В блиндаж вкатывается еще несколько пехотинцев, застигнутых врасплох внезапным артиллерийским налетом. Они все дрожат как в лихорадке, у всех в глазах мольба: жить!
В угол блиндажа попадает бомба. Разрыва я не слышу и прихожу в сознание неизвестно через сколько времени. На меня смотрят несколько пар солдатских глаз. Оказывается, блиндаж не пробит. Счастливая случайность? Может быть. Но мне кажется, что бог наказал меня бессмертием. Он карает меня необходимостью и в дальнейшем участвовать во всем этом мировом безумии, которое я сам накликал.

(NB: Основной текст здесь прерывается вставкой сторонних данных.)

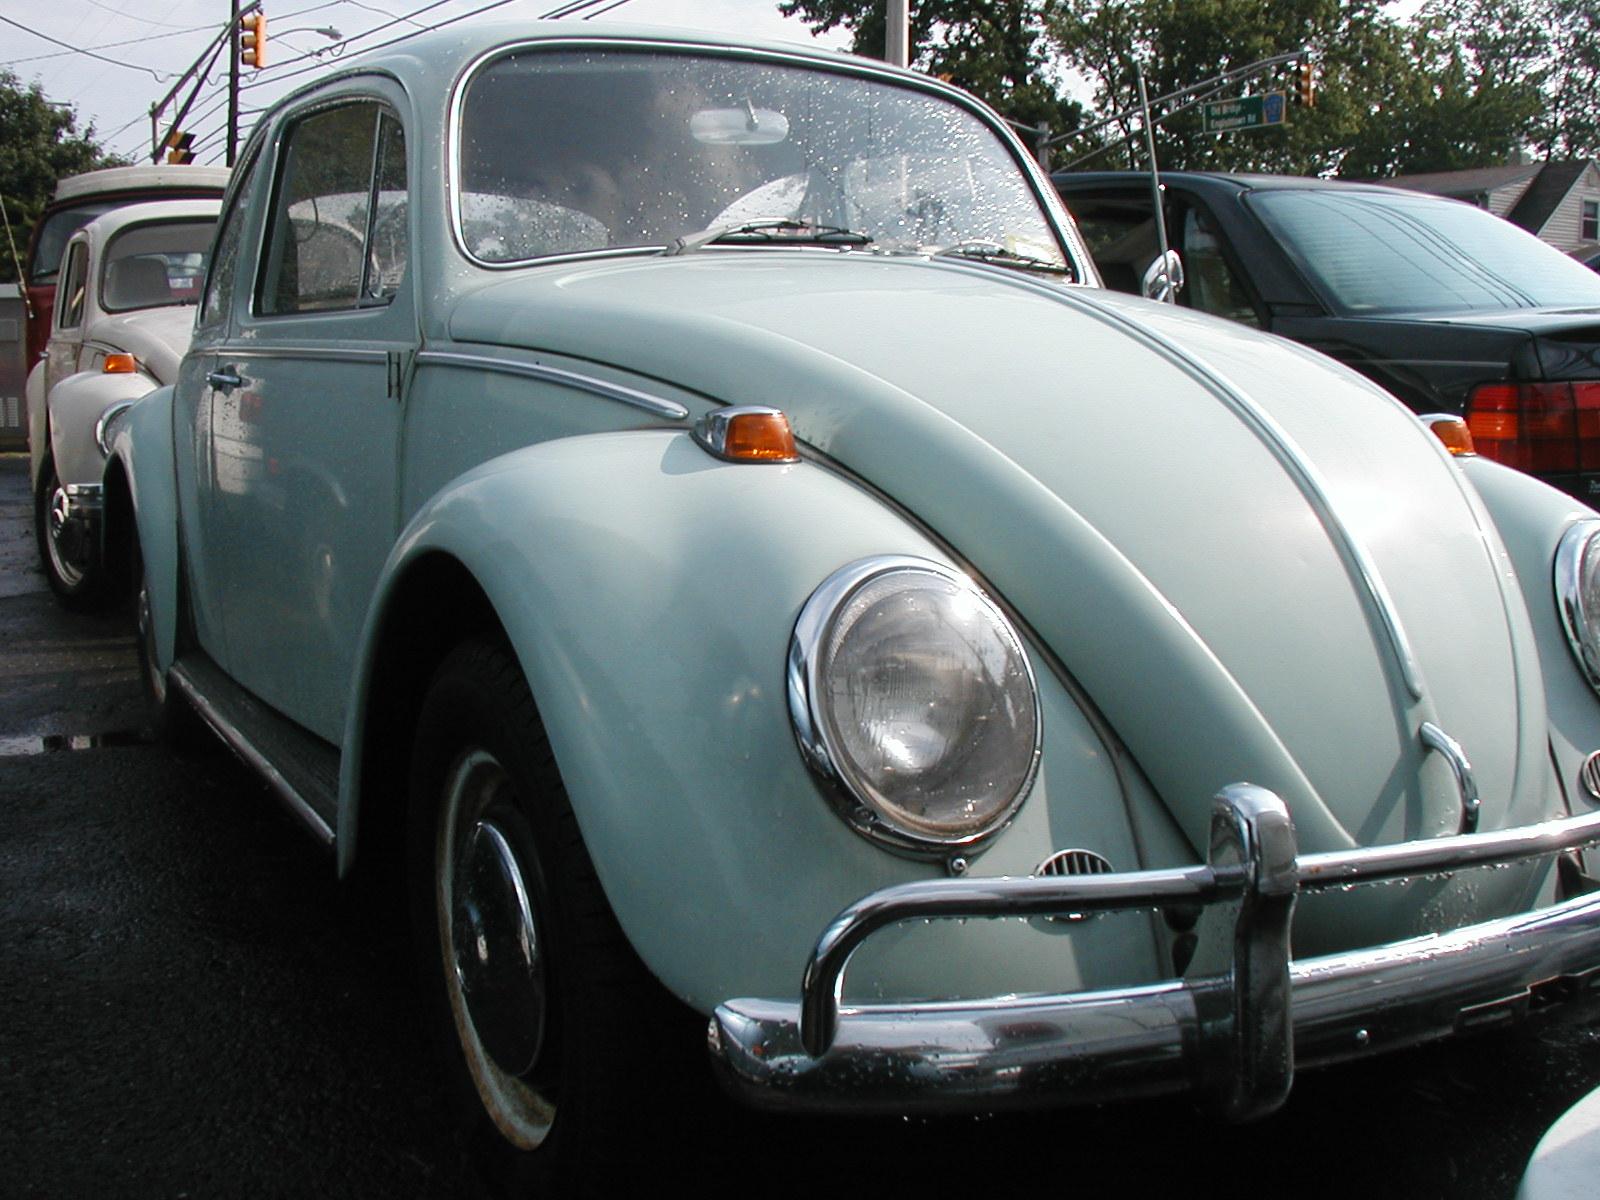 1966 Volkswagen Beetle 1 4 Mile Drag Racing Timeslip Specs 0 60 Air Cooled Vw Wiring Diagram L Blue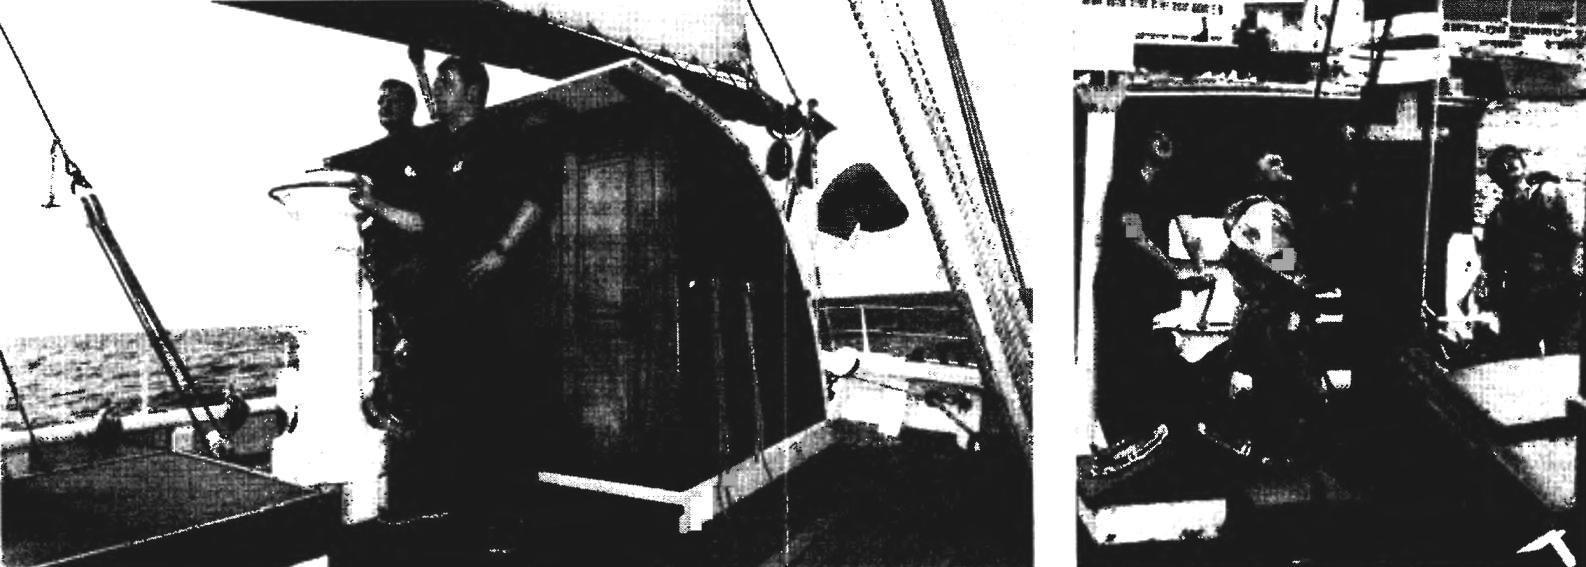 Вахта у штурвала шхуны «Белль Пуль». Постановка марселя на шхуне «Этуаль» с помощью такелажной лебедки.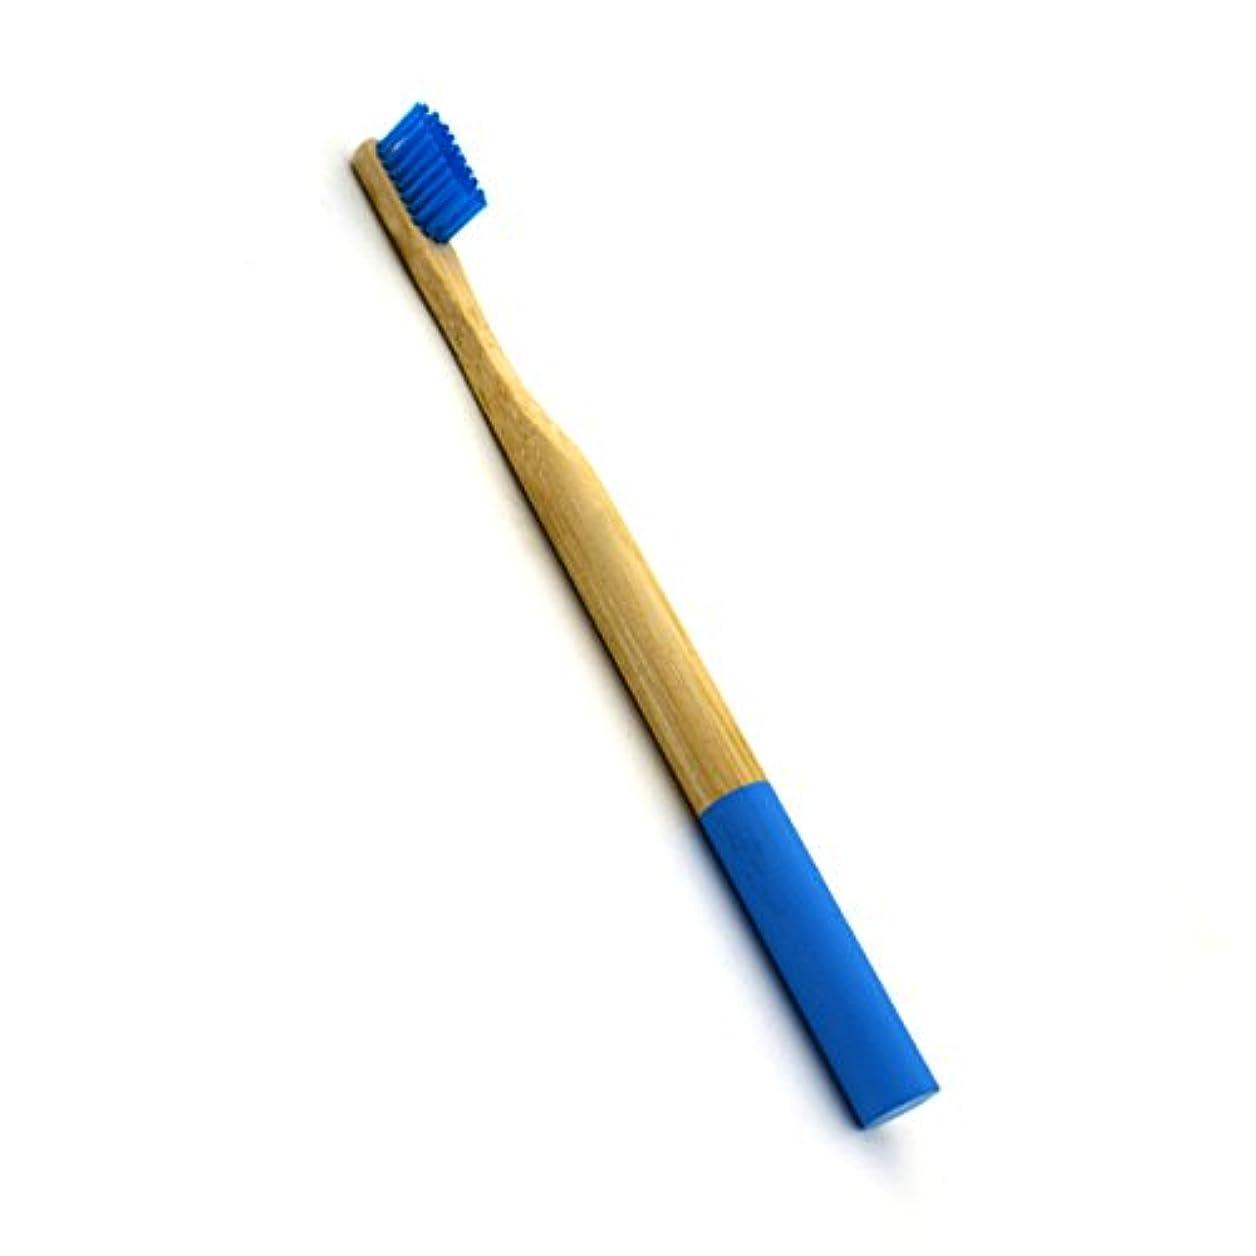 バット機械的ずっとROSENICE 竹歯ブラシラウンドハンドル自然な竹成人環境にやさしいソフトブリストル旅行歯ブラシ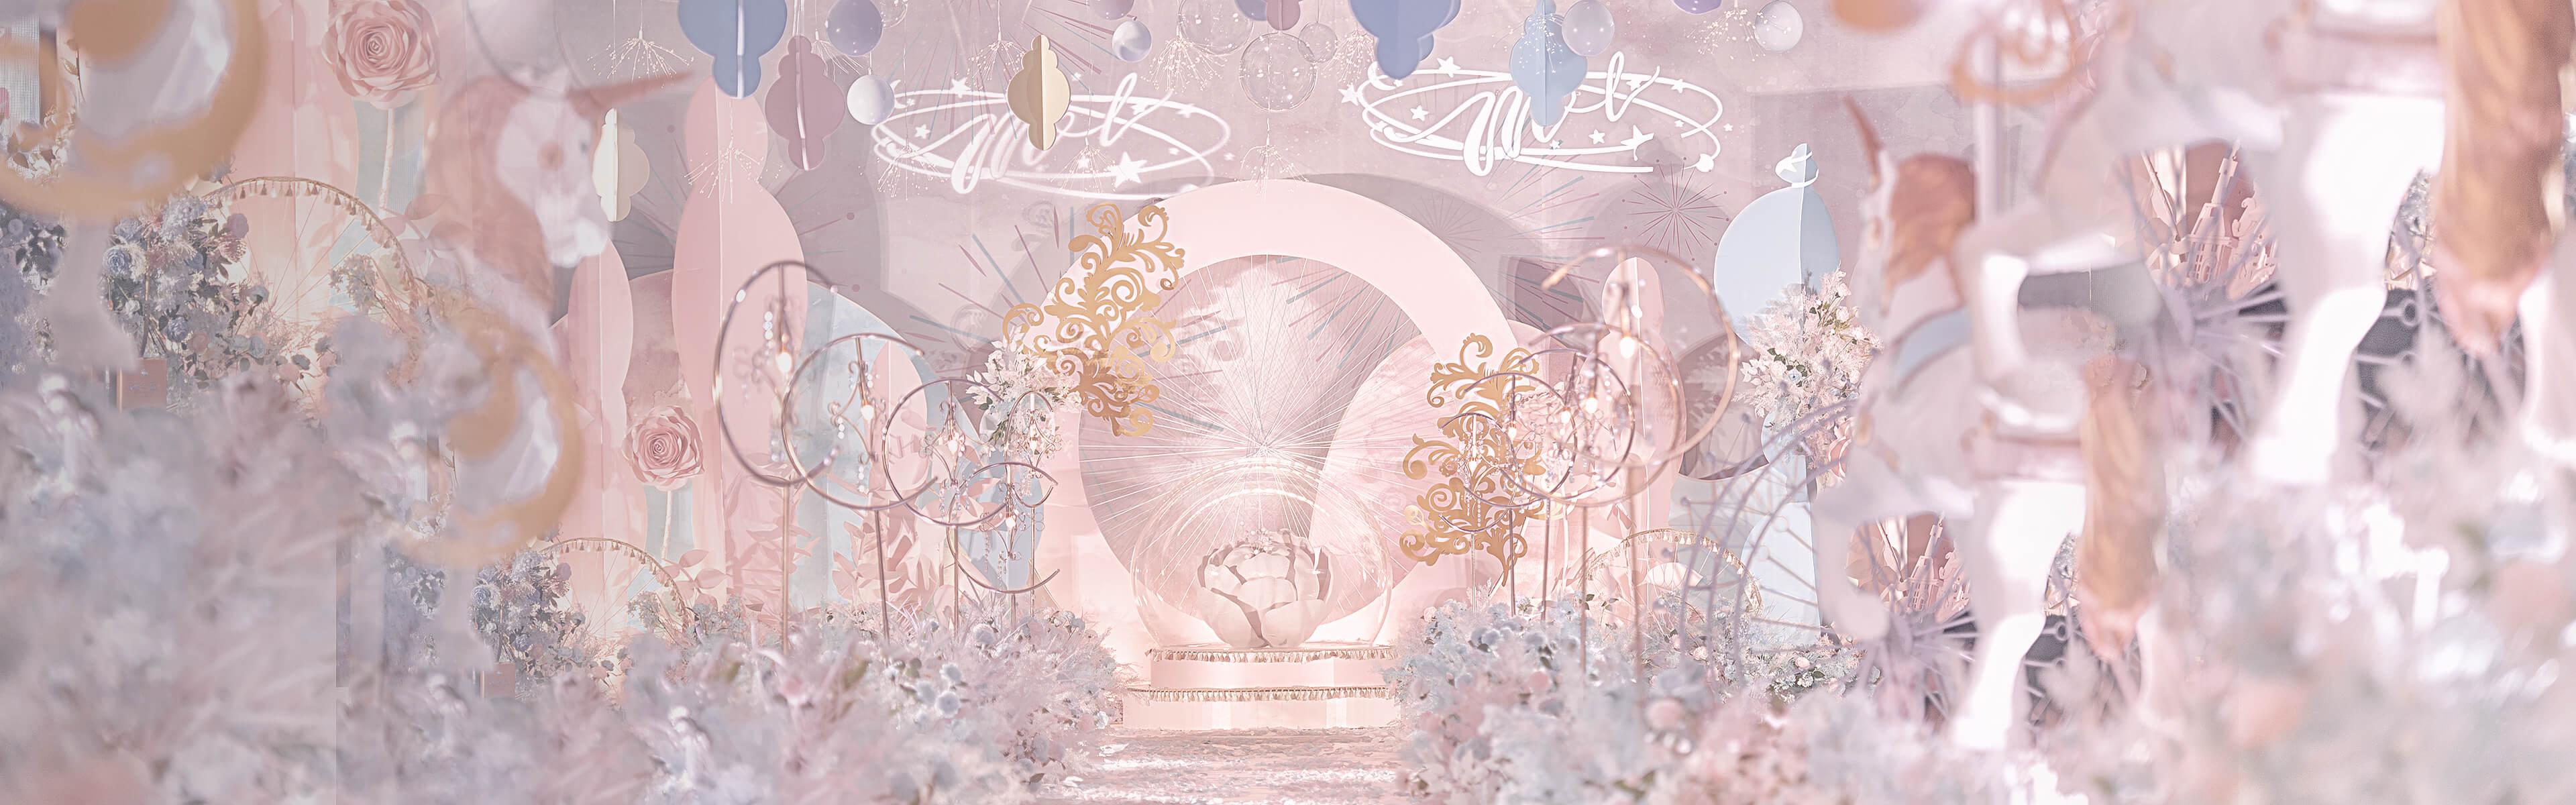 固始县婚庆策划案例:梦乐园 | 安徽 六安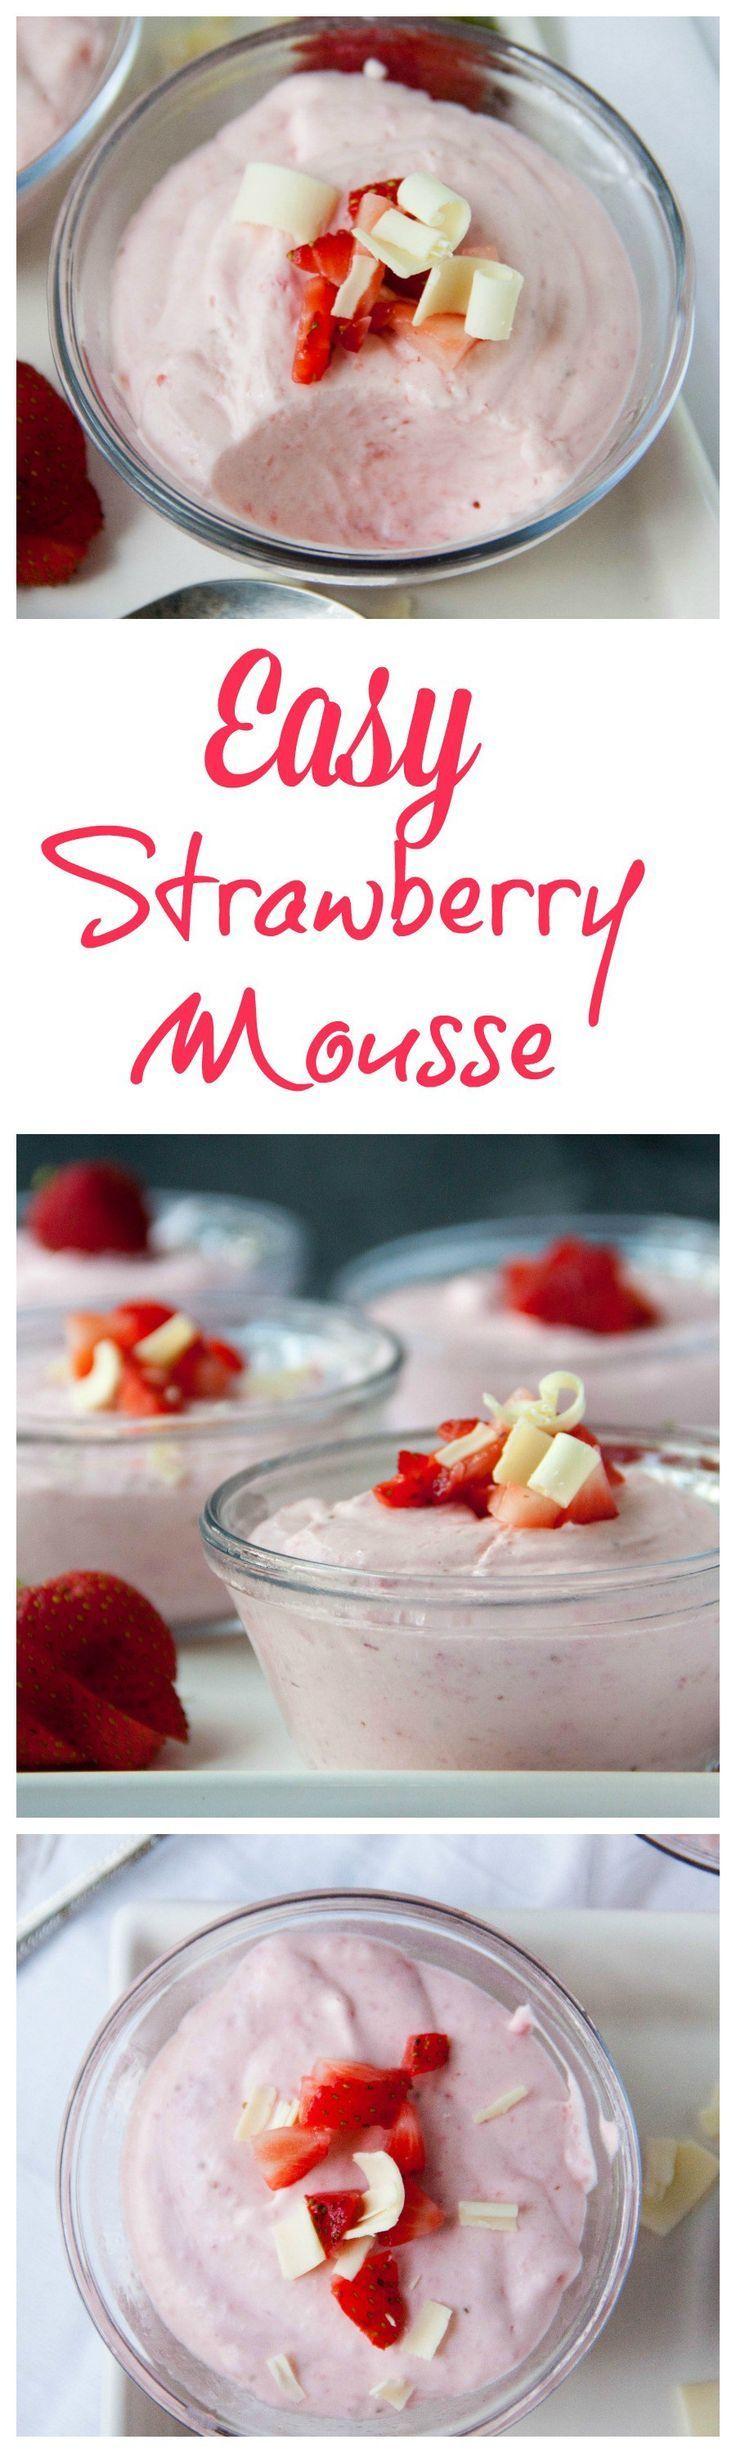 Easy Strawberry Mousse - Boston Girl Bakes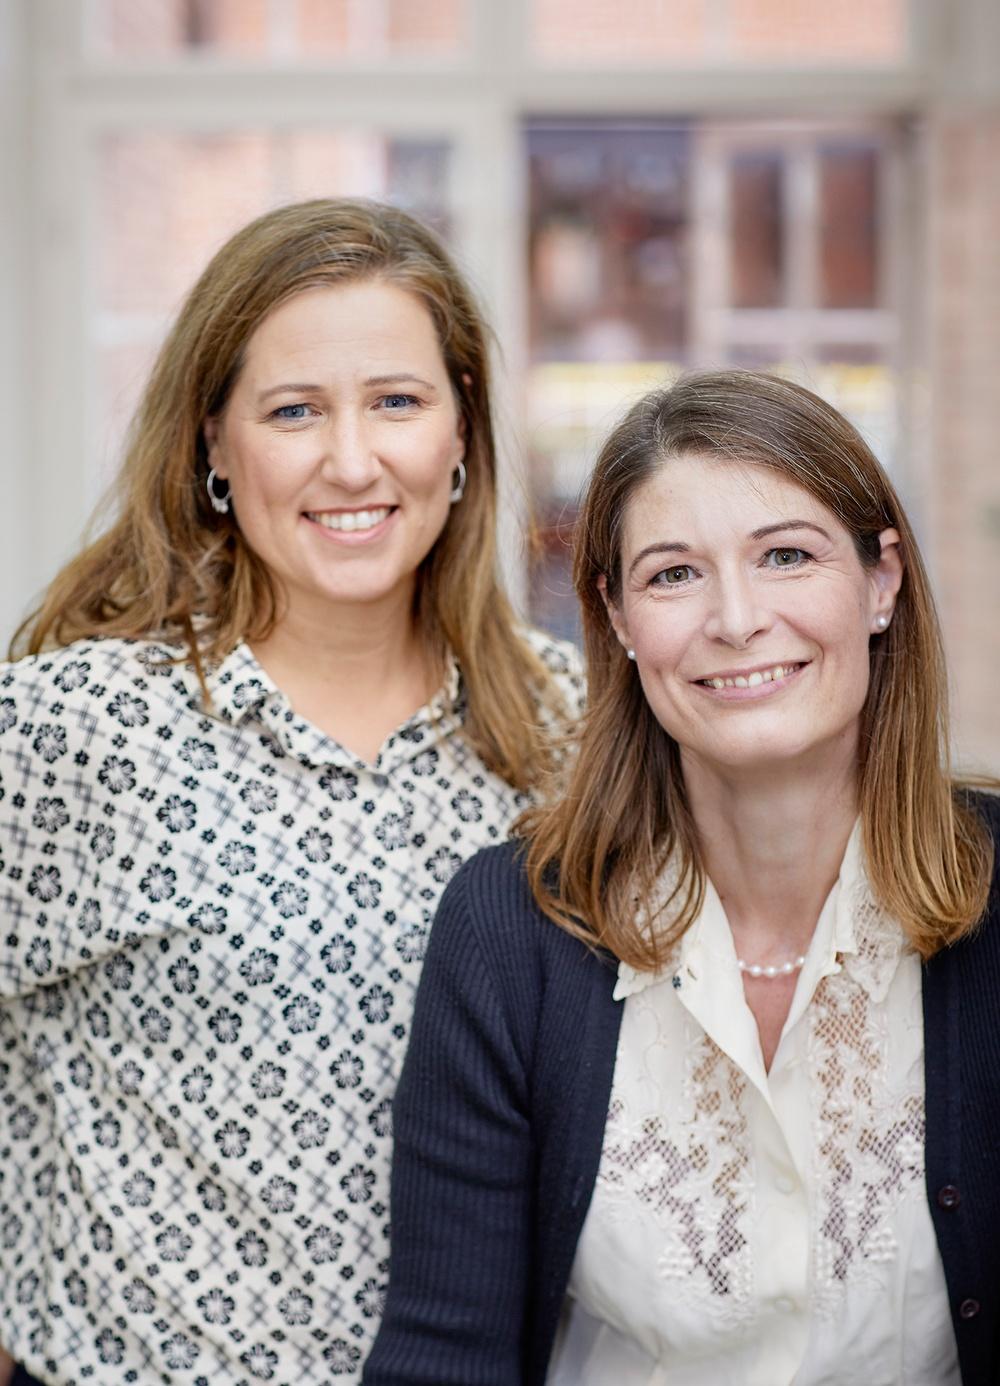 Författarporträtt: Marie Dacke & Låtta Skogh

Я не ранен. Даже не контужен. Душа моя потрясена
Обстрел прекратился.
Но мы все сидим еще полчаса в чудом уцелевшем блиндаже, не в силах унять дрожь, и никак не можем прийти в себя.
…потом тихий летний вечер, трава розовая от закатного солнца, цветы. Березки четко рисуются на фоне заката Через ручей — мостик. На мостике носилки с убитым солдатом. Убитый похож на большую куклу, наряженную в большие сапоги и рваную, окровавленную гимнастерку. Возле носилок стоят, видимо отдыхая, два санитара. Отвернувшись в сторону, они курят цигарки, свернутые из газеты, и сплевывают в ручей. А. П.».
«22 июня 916 г. Д. арм. 19 июня рано утром, часа в три. на рассвете, из телефонного окопа выскакивает старший на батарее:
— Батарея! Приготовь противогазы!
Это что-то новое и очень грозное. Неужели немцы пустили удушливые газы?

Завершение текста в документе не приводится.